As evidenced by the Gleason score discussion above, when a physician resorts to jargon, the effort to educate patients can fail. Imagine yourself sitting half naked on an exam table with the word cancer rattling around your brain. Do you think you'd be able to comprehend such a conversation? Jargon is ubiquitous in physician-patient encounters; doctors frequently use undefined technical terms and patients rarely have the confidence or assertiveness to ask for clarification. All too often, the result is precious time wasted on ineffective communication despite the many important decisions doctors and patients need to make together. Medical terminology is second nature to physicians, but to patients it may sound like a foreign language.
To make matters worse, physicians often fail to account for a patient's negative emotional state during medical consultations. In one study of senior oncologists, researchers discovered that when patients expressed negative emotions ("I'm scared" or "I can't sleep because of pain"), the oncologists acknowledged and responded to the emotions only one in five times. More often, physicians either continued talking, as if the patients had never uttered the cries for help, or changed the topic to something less difficult, often shifting to lecture mode, doing their best to make sure their patients were adequately informed about their illness.
In short, doctors don't know how to partner with patients to make decisions. In the old days (the more than two millennia between the time of Hippocrates and the patient empowerment revolution of the 1970s), physicians were the decision makers—deciding what patients should and shouldn't know and determining which treatments patients should or shouldn't receive. Indeed, the Hippocratic Oath compelled physicians to remain silent if such silence would reduce patient suffering: "Give necessary orders with cheerfulness and serenity, drawing his attention away from what is being done to him; sometimes reprove sharply and emphatically, and sometimes comfort with solicitude and attention, revealing nothing of the patient's future or present condition."

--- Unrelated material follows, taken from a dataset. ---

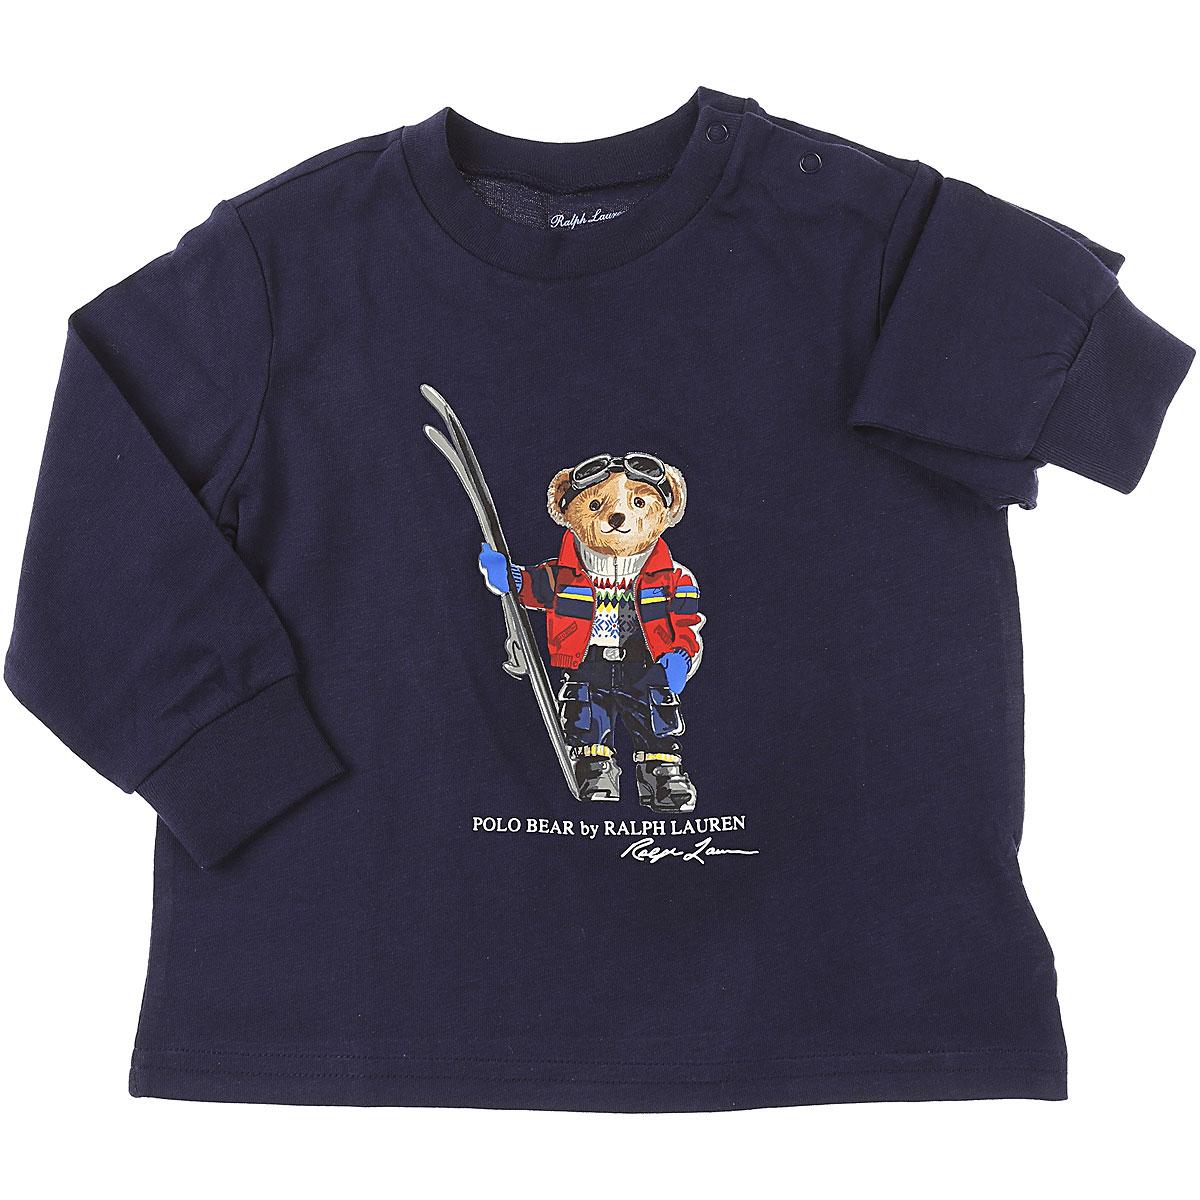 Ralph Lauren Baby T-Shirt for Boys On Sale, navy, Cotton, 2019, 12 M 3M 6M 9M

With the new paradigm, physicians have been knocked off the "Doctor Knows All" pedestal, without being told where to stand. Too often, physicians see their role as that of an information provider. Sometimes patients ask their doctors for advice, and doctors refuse to advise. Here's a common physician response to such a request for treatment recommendations: "It's not for me to decide. It's your decision." (Perhaps the patient had asked for advice because he was overwhelmed by the detailed Gleason score soliloquy he had just received.)
Other times, physicians willingly provide treatment recommendations, but only rarely after learning enough about the patient's preferences. There are educational programs that are helping physicians work with their patients. One such program at Duke and two other institutions showed that, when taken to task, physicians can learn to listen to and improve their interactions with patients.
The medical profession is a public resource, paid for handsomely by both government and private markets to serve patients' needs. It's time to design a health-care system that holds health-care professionals accountable for meeting those needs.